[libvirt] [PATCH] qemu: Restore lost shutdown reason

Thu Nov 1 14:24:21 UTC 2018

On 10/22/18 3:36 AM, Nikolay Shirokovskiy wrote:
> 
> 
> On 18.10.2018 18:28, John Ferlan wrote:
>> When qemuProcessReconnectHelper was introduced (commit d38897a5d)
>> reconnection failure used VIR_DOMAIN_SHUTOFF_FAILED; however, that
>> was changed in commit bda2f17d to either VIR_DOMAIN_SHUTOFF_CRASHED
>> or VIR_DOMAIN_SHUTOFF_UNKNOWN.
>>
>> When QEMU_CAPS_NO_SHUTDOWN checking was removed in commit fe35b1ad6
>> the conditional state was just left at VIR_DOMAIN_SHUTOFF_CRASHED.
>>
>> Restore the logic adjustment using the same conditions as command
>> line building and alter the comment to describe the reasoning.
>>
>> Signed-off-by: John Ferlan <jferlan at redhat.com>
>> ---
>>
>>  This was "discovered" while reviewing Nikolay's patch related
>>  to adding "DAEMON" as the shutdown reason:
>>
>> https://www.redhat.com/archives/libvir-list/2018-October/msg00493.html
>>
>>  While working through the iterations of that - figured I'd at
>>  least post this.
>>
>>
>>  src/qemu/qemu_process.c | 15 ++++++++++-----
>>  1 file changed, 10 insertions(+), 5 deletions(-)
>>
>> diff --git a/src/qemu/qemu_process.c b/src/qemu/qemu_process.c
>> index 3955eda17c..4a39111d51 100644
>> --- a/src/qemu/qemu_process.c
>> +++ b/src/qemu/qemu_process.c
>> @@ -7985,11 +7985,16 @@ qemuProcessReconnect(void *opaque)
>>      if (virDomainObjIsActive(obj)) {
>>          /* We can't get the monitor back, so must kill the VM
>>           * to remove danger of it ending up running twice if
>> -         * user tries to start it again later
>> -         * If we couldn't get the monitor since QEMU supports
>> -         * no-shutdown, we can safely say that the domain
>> -         * crashed ... */
>> -        state = VIR_DOMAIN_SHUTOFF_CRASHED;
>> +         * user tries to start it again later.
>> +         *
>> +         * If we cannot get to the monitor when the QEMU command
>> +         * line used -no-shutdown, then we can safely say that the
>> +         * domain crashed; otherwise we don't really know. */
>> +        if (priv->monJSON && priv->allowReboot == VIR_TRISTATE_BOOL_YES)
>> +            state = VIR_DOMAIN_SHUTOFF_CRASHED;
>> +        else
>> +            state = VIR_DOMAIN_SHUTOFF_UNKNOWN;
>> +
>>          /* If BeginJob failed, we jumped here without a job, let's hope another
>>           * thread didn't have a chance to start playing with the domain yet
>>           * (it's all we can do anyway).
>>
> 
> This is reasonable but not complete. This is only applied to case when we do connect(2)

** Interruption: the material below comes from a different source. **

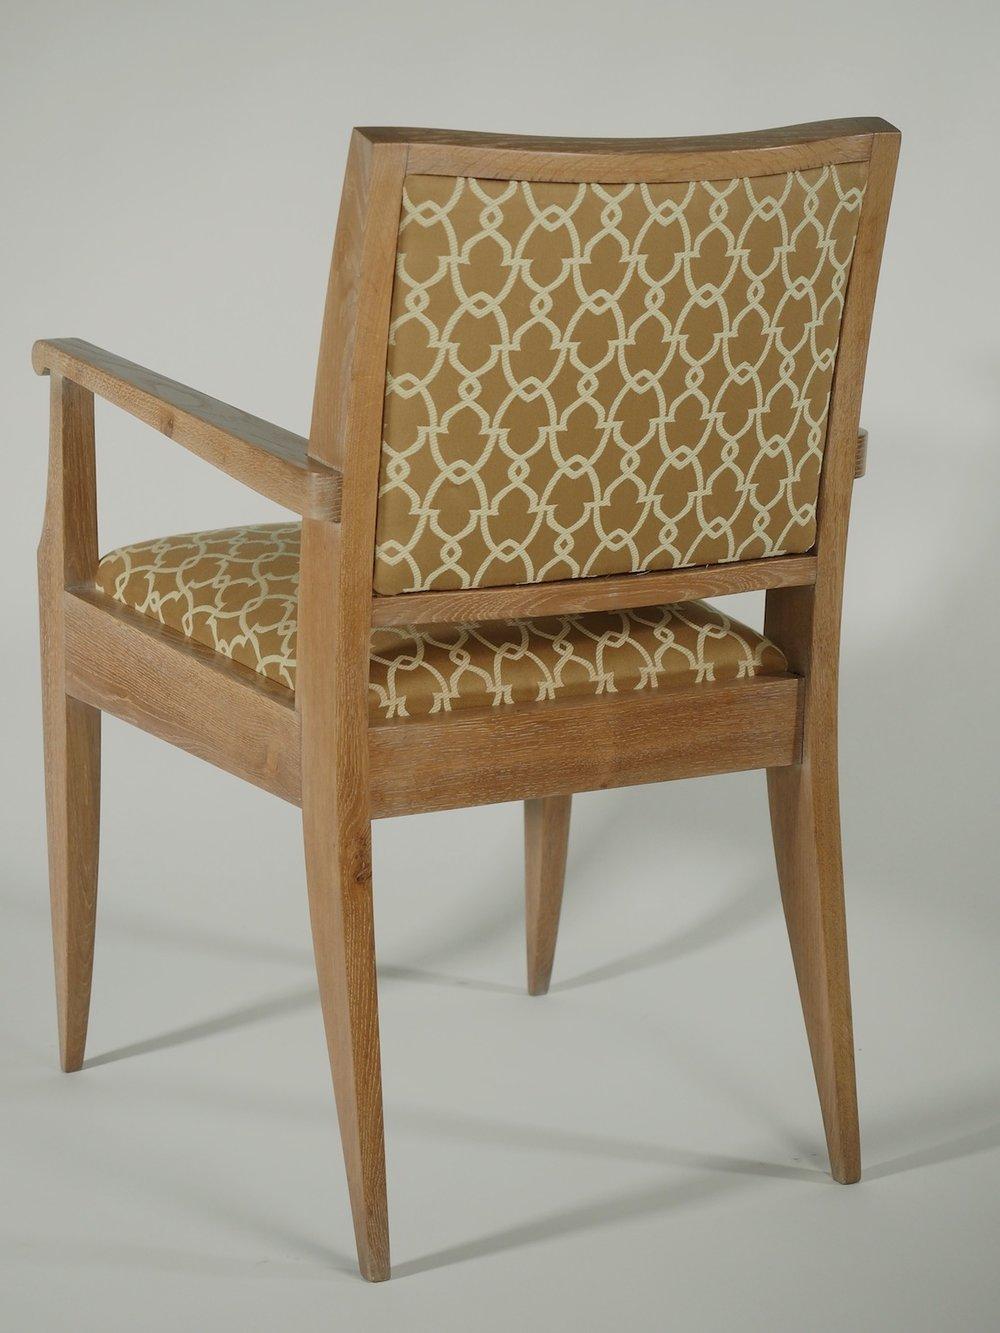 Dominique Pair of Oak Armchairs In Excellent Condition For Sale In Philadelphia, PA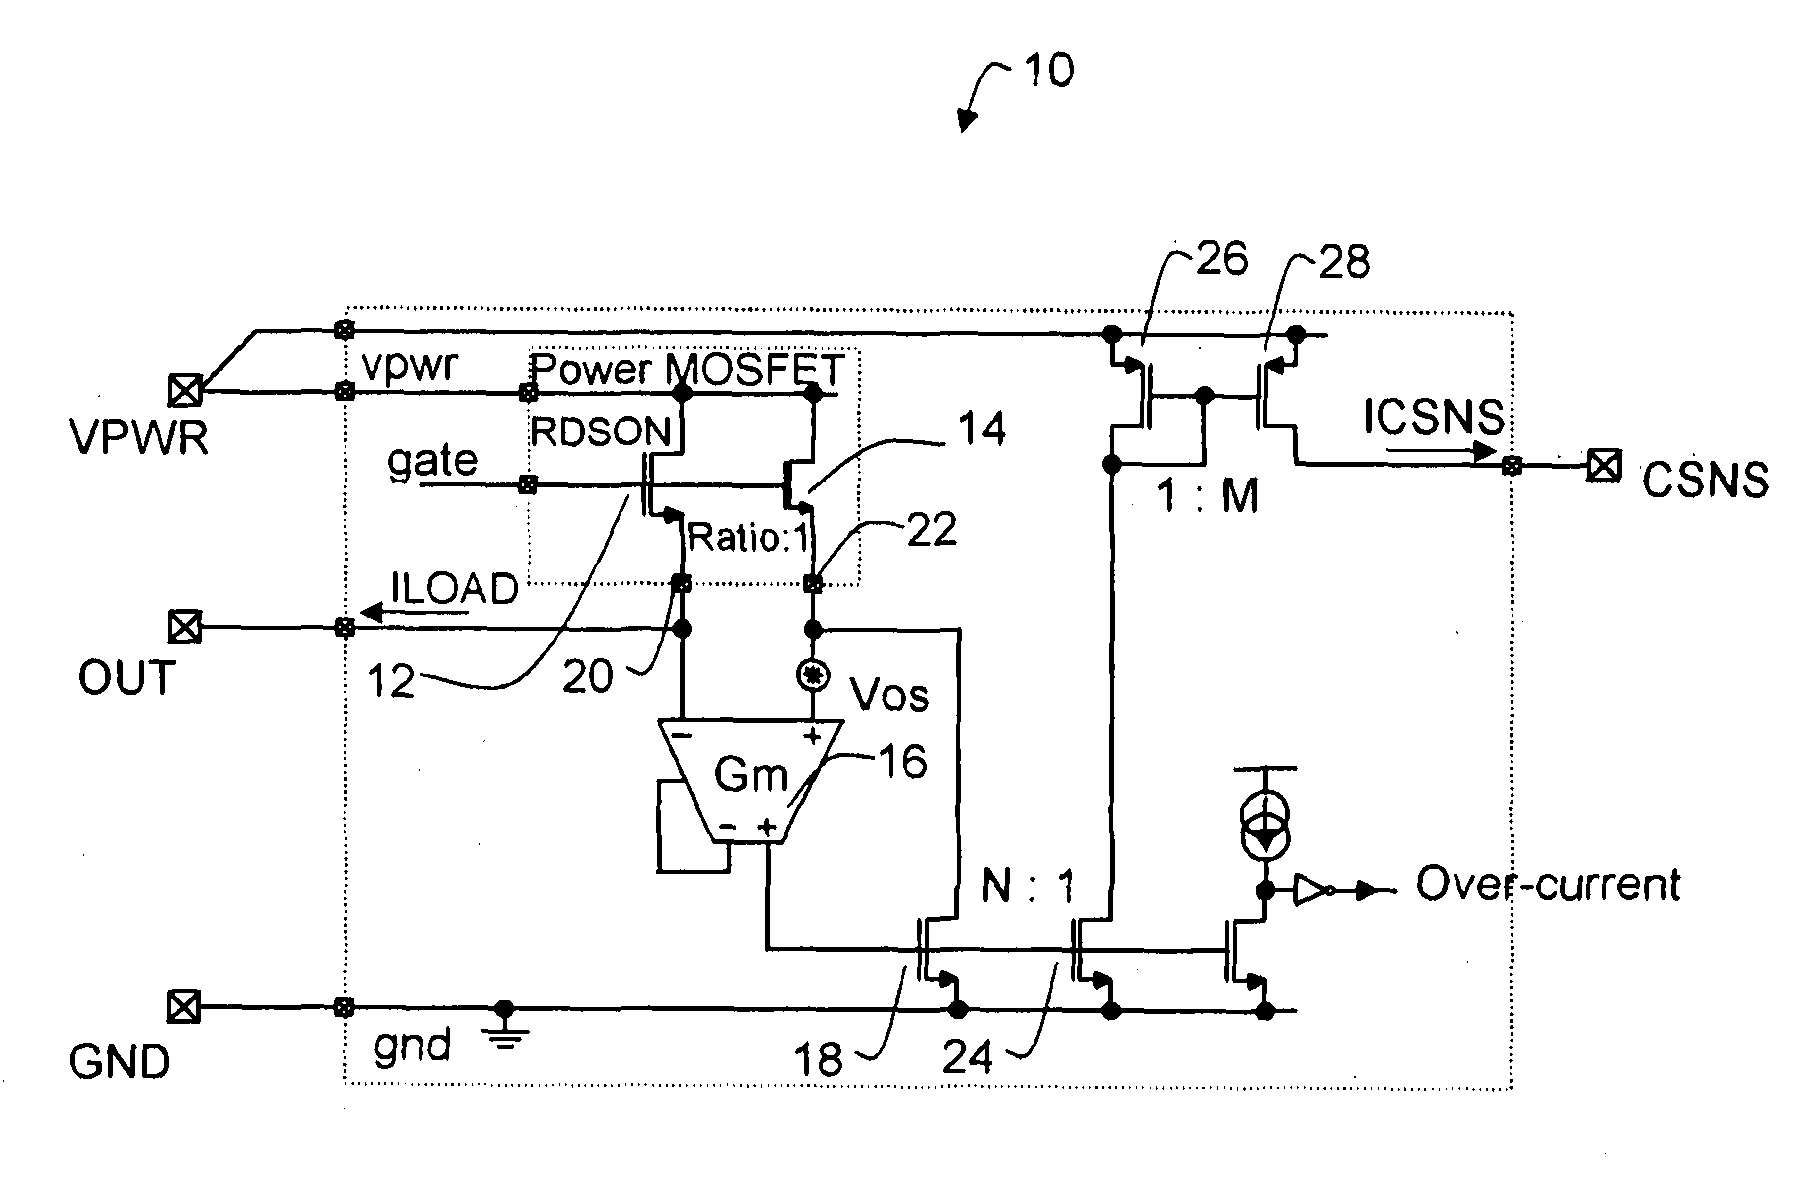 Power switching apparatus and method for improving current sense accuracy

I understand your point; however, the goal of this patch wasn't to fix
the various other failure scenarios/reasons. It was to merely restore
the lost UNKNOWN reason in the event that either priv->monJSON == false
(unlikely) or priv->allowReboot != VIR_TRISTATE_BOOL_YES (possible).

Rather than copy-pasta, I'll create qemuDomainIsUsingNoShutdown(priv)
which will perform the condition checks for both command line generation
and reconnection failure paths.

If that's not desirable, then that's fine. I won't spend more cycles on
this.

John

> to qemu and it is failed with ECONNREFUSED which means qemu process does not exists
> (in which case it is either crashed if was configured with -no-shutdown or terminated
> for unknown reason) or just closed monitor connection (in this case we are going
> to terminate it by ourselves).
> 
> But there are other cases. For example we can jump to error path even before connect(2)
> or after successfull connect. See discussion of such cases in [1].
> 
> [1] https://www.redhat.com/archives/libvir-list/2018-October/msg01031.html
> 
> Nikolay
>